The musings of Ray Trygstad: IT/Web guy, educator, Naval officer, world traveler and sometime preacher.
Tuesday, April 27, 2004
Where American IT is Headed

John Dvorak, one of my favorite curmudgeons, has a great rant in his column in PC Magazine about offshoring. One of his comments that really hit home with me is that “...I hear all the time that coders in India are cheaper and better. What makes them better? Have there been some blockbuster Indian software programs that somehow I missed?...You'd think some killer apps would have come out of India by now, as they have from Europe, the U.S., Japan and even Russia.” I think the problem is that initiative and imagination, something that we value for the most part in the U.S. and Europe, are not something that is encouraged at all in India. When I think of truly great coders that I have encountered by name, I think of folks like Hungarian Tamás Miklós (creator of Aida32 and now CTO and Executive Vice President of Lavalys), Bosnian Irfan Skiljan (creator of IrfanView), Finn Linus Torvalds (creator of Linux) and that insanely great American coder Steve Gibson (way many programs from Gibson Research Corp) and I don't think of a single Indian name; all the Indian names I think of in this industry are on the business side of things, like Sanjay Kumar at CA (formerly). Another thing Dvorak bemoans (and rightfully so) is the fact that American companies are having their Indian employees fake American accents and refuse to tell you where they are located. Offshoring is a very real and serious threat to the IT industry and is one reason we are encouraging our students to go into security and networking—guys and gals in India can't plug cables into a hub in Des Moines. Unfortunately as coding, support and system administration go offshore, I can see a time in the future when the necessary in-house IT staff—there to manage the outsourcing and make the strategic IT decisions for the firm—are all network guys, because that's the only in-house staffing left to promote from! Are John Dvorak and I the only ones who find this a really scary prospect? Of course not, but there don't seem to be many forces marshalling to stop this, and no, I won't vote for that consumate liar John Kerry just because he promises to stop jobs from going offshore. But frankly, I'm worried, and you should be too.
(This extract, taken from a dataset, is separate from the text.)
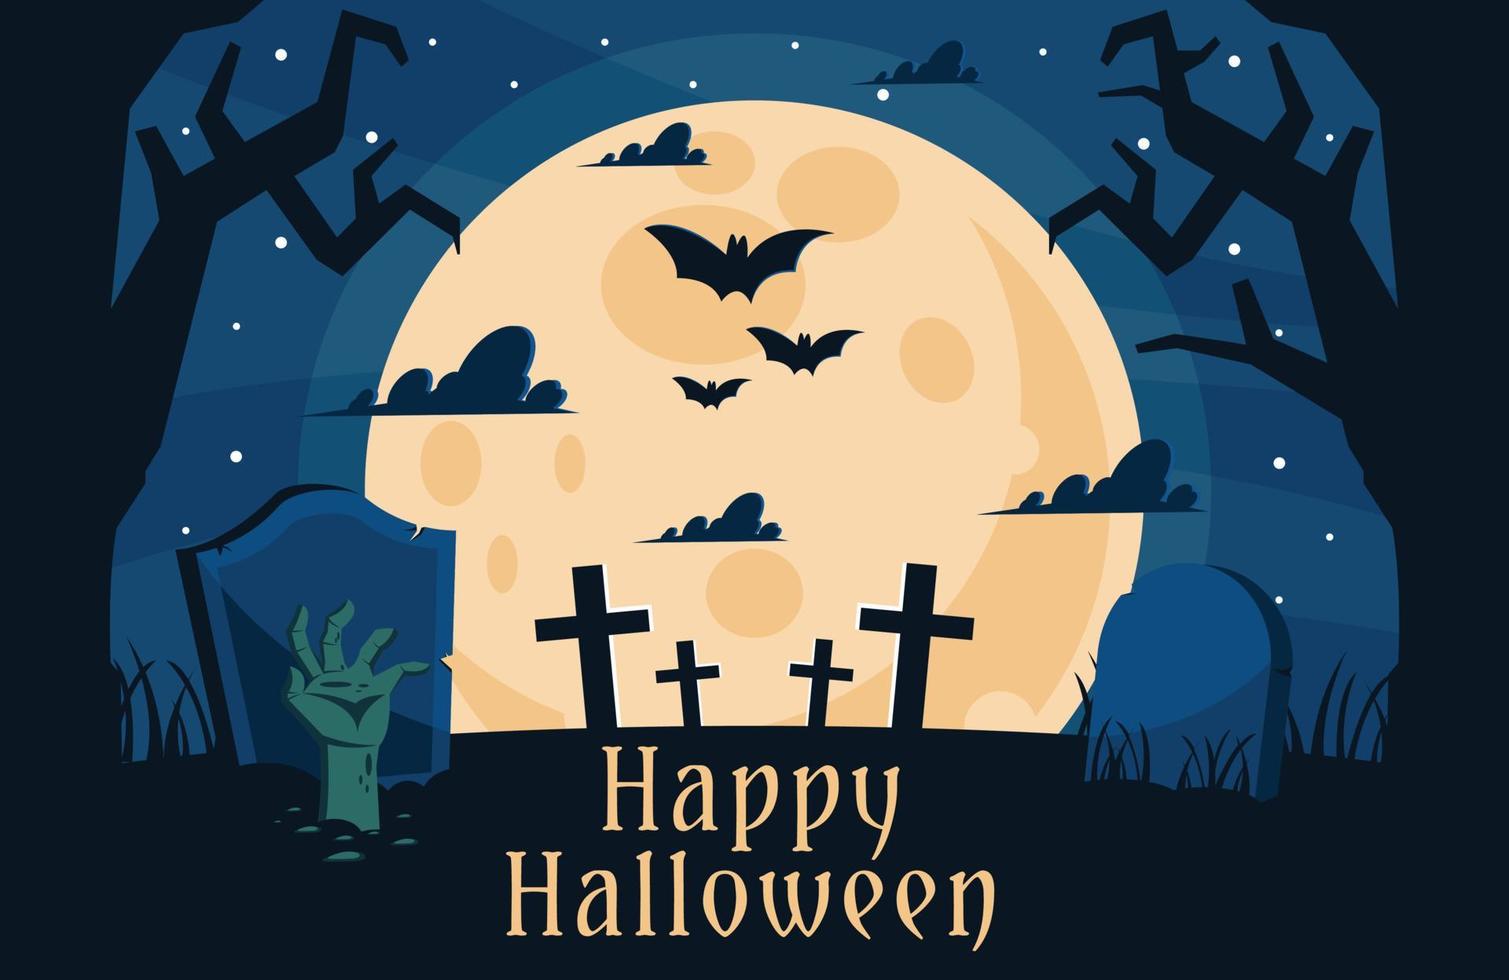 Happy Halloween graveyard background with zombie hand vector

Posted by trygstad | Category: InfoTech Category: Rant | 11:32 PM | Comments (0)

Monday, April 26, 2004
Bad Art...Bad, Bad Art

moba.gifThere is a growing interest evident in the emerging field of Bad Art. Three galleries of bad art now have online components, complete with the expected thumbnail-to-big-picture features one has come to expect from online art museums. Three of the institutions—The Museum of Bad Art, the Ohio Bad Art Guild and the Institute for the Preservation of Bad Art—are featured in an article in U.S Airways' Attache Magazine. Read it and weep.
[MOBA via the Internet Scout Report]

Posted by trygstad | Category: Fun | 11:27 PM | Comments (0)

Sunday, April 25, 2004
Could IT Mood Swings Boost Enterprise Desktop Linux?

Hey, I've been saying this all along: people are going to get really fed up with Microsoft's ridiculous licensing policies or their ongoing failure to provide a stable, secure operating system. Or maybe they'll hang in there until they find out that their existing applications are incompatible with Windows 2006 or whatever they're going to call Longhorn. All it will really take is for someone to put out a really professional Linux desktop like, oh, perhaps a Novell SuSE/Ximian hybrid or even Big Blue Linux. Anyway, here's what we hear from one gathering of gurus:

SAN DIEGO—Linux on end users' desktops remains largely elusive for enterprises, but the open-source operating system could become more attractive as the demands of IT departments shift, said panelists and attendees at the Desktop Linux Summit 2004 here.

Microsoft Corp., the maker of the dominant Windows operating system, and other proprietary software vendors themselves could cause the spark for broader desktop Linux adoption by forcing IT departments into tougher licensing stances or costly upgrade cycles, said Linux backers and IT consultants at the conference on Friday. Read More...


Posted by trygstad | Category: InfoTech | 11:07 PM | Comments (0)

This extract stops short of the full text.